(Dataset excerpts)
-- Opening Marker --
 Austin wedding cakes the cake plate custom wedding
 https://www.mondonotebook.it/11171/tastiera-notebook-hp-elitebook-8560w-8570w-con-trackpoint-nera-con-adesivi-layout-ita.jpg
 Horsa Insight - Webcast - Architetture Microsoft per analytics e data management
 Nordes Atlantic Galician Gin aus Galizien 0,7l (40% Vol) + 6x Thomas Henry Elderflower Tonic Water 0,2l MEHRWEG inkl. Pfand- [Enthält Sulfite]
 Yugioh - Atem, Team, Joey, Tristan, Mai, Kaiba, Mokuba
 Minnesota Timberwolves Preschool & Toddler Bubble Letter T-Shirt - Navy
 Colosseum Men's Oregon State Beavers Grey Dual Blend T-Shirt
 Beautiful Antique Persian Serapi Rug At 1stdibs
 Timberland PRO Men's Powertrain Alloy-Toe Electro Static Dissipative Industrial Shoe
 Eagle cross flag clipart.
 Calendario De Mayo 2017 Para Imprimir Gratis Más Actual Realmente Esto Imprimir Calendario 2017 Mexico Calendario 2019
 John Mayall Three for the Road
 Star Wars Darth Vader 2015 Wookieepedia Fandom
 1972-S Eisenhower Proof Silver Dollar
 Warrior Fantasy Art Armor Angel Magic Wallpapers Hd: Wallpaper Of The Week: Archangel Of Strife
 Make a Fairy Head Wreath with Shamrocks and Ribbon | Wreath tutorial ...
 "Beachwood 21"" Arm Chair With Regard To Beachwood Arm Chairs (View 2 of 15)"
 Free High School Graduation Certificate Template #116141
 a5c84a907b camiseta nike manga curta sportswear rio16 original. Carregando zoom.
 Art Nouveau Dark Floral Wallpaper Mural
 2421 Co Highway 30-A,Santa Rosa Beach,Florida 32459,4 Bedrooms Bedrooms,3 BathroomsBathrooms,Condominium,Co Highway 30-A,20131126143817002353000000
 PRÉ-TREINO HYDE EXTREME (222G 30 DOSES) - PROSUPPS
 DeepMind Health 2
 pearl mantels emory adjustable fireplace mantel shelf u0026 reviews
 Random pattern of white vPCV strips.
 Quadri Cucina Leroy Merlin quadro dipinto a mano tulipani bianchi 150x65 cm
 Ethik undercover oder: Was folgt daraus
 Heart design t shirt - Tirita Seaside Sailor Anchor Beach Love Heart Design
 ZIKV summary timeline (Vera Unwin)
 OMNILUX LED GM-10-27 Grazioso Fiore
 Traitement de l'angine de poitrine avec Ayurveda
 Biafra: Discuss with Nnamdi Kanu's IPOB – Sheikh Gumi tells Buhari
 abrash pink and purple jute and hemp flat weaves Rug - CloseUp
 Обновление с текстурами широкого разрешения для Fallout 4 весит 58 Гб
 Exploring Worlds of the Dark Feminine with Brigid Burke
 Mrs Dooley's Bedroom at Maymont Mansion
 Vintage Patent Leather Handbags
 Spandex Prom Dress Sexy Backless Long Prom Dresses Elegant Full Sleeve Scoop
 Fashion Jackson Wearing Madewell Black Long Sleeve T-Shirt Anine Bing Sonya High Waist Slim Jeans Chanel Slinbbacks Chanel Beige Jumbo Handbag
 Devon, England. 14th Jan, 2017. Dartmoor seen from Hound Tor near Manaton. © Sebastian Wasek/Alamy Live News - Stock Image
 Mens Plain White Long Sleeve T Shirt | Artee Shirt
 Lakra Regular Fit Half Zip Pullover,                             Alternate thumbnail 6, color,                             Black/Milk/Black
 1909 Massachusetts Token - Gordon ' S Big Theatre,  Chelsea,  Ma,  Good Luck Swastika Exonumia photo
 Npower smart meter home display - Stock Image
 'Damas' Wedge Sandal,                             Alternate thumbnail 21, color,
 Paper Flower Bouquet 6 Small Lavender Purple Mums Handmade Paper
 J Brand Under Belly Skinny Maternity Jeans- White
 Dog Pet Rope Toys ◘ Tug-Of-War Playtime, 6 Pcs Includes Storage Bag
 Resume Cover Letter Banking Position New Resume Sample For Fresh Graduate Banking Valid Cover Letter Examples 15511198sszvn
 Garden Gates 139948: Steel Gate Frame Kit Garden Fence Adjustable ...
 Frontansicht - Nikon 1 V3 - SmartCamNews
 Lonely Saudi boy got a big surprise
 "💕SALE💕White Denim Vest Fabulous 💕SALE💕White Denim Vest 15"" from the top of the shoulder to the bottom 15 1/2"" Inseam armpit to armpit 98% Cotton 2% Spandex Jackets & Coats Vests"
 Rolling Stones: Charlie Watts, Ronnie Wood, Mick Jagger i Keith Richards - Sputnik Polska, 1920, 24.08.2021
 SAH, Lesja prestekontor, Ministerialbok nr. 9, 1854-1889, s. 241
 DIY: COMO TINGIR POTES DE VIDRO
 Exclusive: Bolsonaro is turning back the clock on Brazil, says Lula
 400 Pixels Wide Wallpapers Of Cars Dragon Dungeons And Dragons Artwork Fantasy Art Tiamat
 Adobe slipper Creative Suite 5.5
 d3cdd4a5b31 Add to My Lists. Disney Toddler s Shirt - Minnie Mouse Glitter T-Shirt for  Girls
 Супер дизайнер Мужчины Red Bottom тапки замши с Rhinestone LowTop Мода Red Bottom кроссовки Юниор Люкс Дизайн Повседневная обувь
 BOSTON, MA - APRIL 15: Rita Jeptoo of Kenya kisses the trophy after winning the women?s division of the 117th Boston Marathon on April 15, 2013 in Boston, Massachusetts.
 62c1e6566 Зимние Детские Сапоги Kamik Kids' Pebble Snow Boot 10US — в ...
-- Closing Marker --
== Task objective ==
Each record needs to be duplicated exactly as given.

== Exercise result ==
 Austin wedding cakes the cake plate custom wedding
 https://www.mondonotebook.it/11171/tastiera-notebook-hp-elitebook-8560w-8570w-con-trackpoint-nera-con-adesivi-layout-ita.jpg
 Horsa Insight - Webcast - Architetture Microsoft per analytics e data management
 Nordes Atlantic Galician Gin aus Galizien 0,7l (40% Vol) + 6x Thomas Henry Elderflower Tonic Water 0,2l MEHRWEG inkl. Pfand- [Enthält Sulfite]
 Yugioh - Atem, Team, Joey, Tristan, Mai, Kaiba, Mokuba
 Minnesota Timberwolves Preschool & Toddler Bubble Letter T-Shirt - Navy
 Colosseum Men's Oregon State Beavers Grey Dual Blend T-Shirt
 Beautiful Antique Persian Serapi Rug At 1stdibs
 Timberland PRO Men's Powertrain Alloy-Toe Electro Static Dissipative Industrial Shoe
 Eagle cross flag clipart.
 Calendario De Mayo 2017 Para Imprimir Gratis Más Actual Realmente Esto Imprimir Calendario 2017 Mexico Calendario 2019
 John Mayall Three for the Road
 Star Wars Darth Vader 2015 Wookieepedia Fandom
 1972-S Eisenhower Proof Silver Dollar
 Warrior Fantasy Art Armor Angel Magic Wallpapers Hd: Wallpaper Of The Week: Archangel Of Strife
 Make a Fairy Head Wreath with Shamrocks and Ribbon | Wreath tutorial ...
 "Beachwood 21"" Arm Chair With Regard To Beachwood Arm Chairs (View 2 of 15)"
 Free High School Graduation Certificate Template #116141
 a5c84a907b camiseta nike manga curta sportswear rio16 original. Carregando zoom.
 Art Nouveau Dark Floral Wallpaper Mural
 2421 Co Highway 30-A,Santa Rosa Beach,Florida 32459,4 Bedrooms Bedrooms,3 BathroomsBathrooms,Condominium,Co Highway 30-A,20131126143817002353000000
 PRÉ-TREINO HYDE EXTREME (222G 30 DOSES) - PROSUPPS
 DeepMind Health 2
 pearl mantels emory adjustable fireplace mantel shelf u0026 reviews
 Random pattern of white vPCV strips.
 Quadri Cucina Leroy Merlin quadro dipinto a mano tulipani bianchi 150x65 cm
 Ethik undercover oder: Was folgt daraus
 Heart design t shirt - Tirita Seaside Sailor Anchor Beach Love Heart Design
 ZIKV summary timeline (Vera Unwin)
 OMNILUX LED GM-10-27 Grazioso Fiore
 Traitement de l'angine de poitrine avec Ayurveda
 Biafra: Discuss with Nnamdi Kanu's IPOB – Sheikh Gumi tells Buhari
 abrash pink and purple jute and hemp flat weaves Rug - CloseUp
 Обновление с текстурами широкого разрешения для Fallout 4 весит 58 Гб
 Exploring Worlds of the Dark Feminine with Brigid Burke
 Mrs Dooley's Bedroom at Maymont Mansion
 Vintage Patent Leather Handbags
 Spandex Prom Dress Sexy Backless Long Prom Dresses Elegant Full Sleeve Scoop
 Fashion Jackson Wearing Madewell Black Long Sleeve T-Shirt Anine Bing Sonya High Waist Slim Jeans Chanel Slinbbacks Chanel Beige Jumbo Handbag
 Devon, England. 14th Jan, 2017. Dartmoor seen from Hound Tor near Manaton. © Sebastian Wasek/Alamy Live News - Stock Image
 Mens Plain White Long Sleeve T Shirt | Artee Shirt
 Lakra Regular Fit Half Zip Pullover,                             Alternate thumbnail 6, color,                             Black/Milk/Black
 1909 Massachusetts Token - Gordon ' S Big Theatre,  Chelsea,  Ma,  Good Luck Swastika Exonumia photo
 Npower smart meter home display - Stock Image
 'Damas' Wedge Sandal,                             Alternate thumbnail 21, color,
 Paper Flower Bouquet 6 Small Lavender Purple Mums Handmade Paper
 J Brand Under Belly Skinny Maternity Jeans- White
 Dog Pet Rope Toys ◘ Tug-Of-War Playtime, 6 Pcs Includes Storage Bag
 Resume Cover Letter Banking Position New Resume Sample For Fresh Graduate Banking Valid Cover Letter Examples 15511198sszvn
 Garden Gates 139948: Steel Gate Frame Kit Garden Fence Adjustable ...
 Frontansicht - Nikon 1 V3 - SmartCamNews
 Lonely Saudi boy got a big surprise
 "💕SALE💕White Denim Vest Fabulous 💕SALE💕White Denim Vest 15"" from the top of the shoulder to the bottom 15 1/2"" Inseam armpit to armpit 98% Cotton 2% Spandex Jackets & Coats Vests"
 Rolling Stones: Charlie Watts, Ronnie Wood, Mick Jagger i Keith Richards - Sputnik Polska, 1920, 24.08.2021
 SAH, Lesja prestekontor, Ministerialbok nr. 9, 1854-1889, s. 241
 DIY: COMO TINGIR POTES DE VIDRO
 Exclusive: Bolsonaro is turning back the clock on Brazil, says Lula
 400 Pixels Wide Wallpapers Of Cars Dragon Dungeons And Dragons Artwork Fantasy Art Tiamat
 Adobe slipper Creative Suite 5.5
 d3cdd4a5b31 Add to My Lists. Disney Toddler s Shirt - Minnie Mouse Glitter T-Shirt for  Girls
 Супер дизайнер Мужчины Red Bottom тапки замши с Rhinestone LowTop Мода Red Bottom кроссовки Юниор Люкс Дизайн Повседневная обувь
 BOSTON, MA - APRIL 15: Rita Jeptoo of Kenya kisses the trophy after winning the women?s division of the 117th Boston Marathon on April 15, 2013 in Boston, Massachusetts.
 62c1e6566 Зимние Детские Сапоги Kamik Kids' Pebble Snow Boot 10US — в ...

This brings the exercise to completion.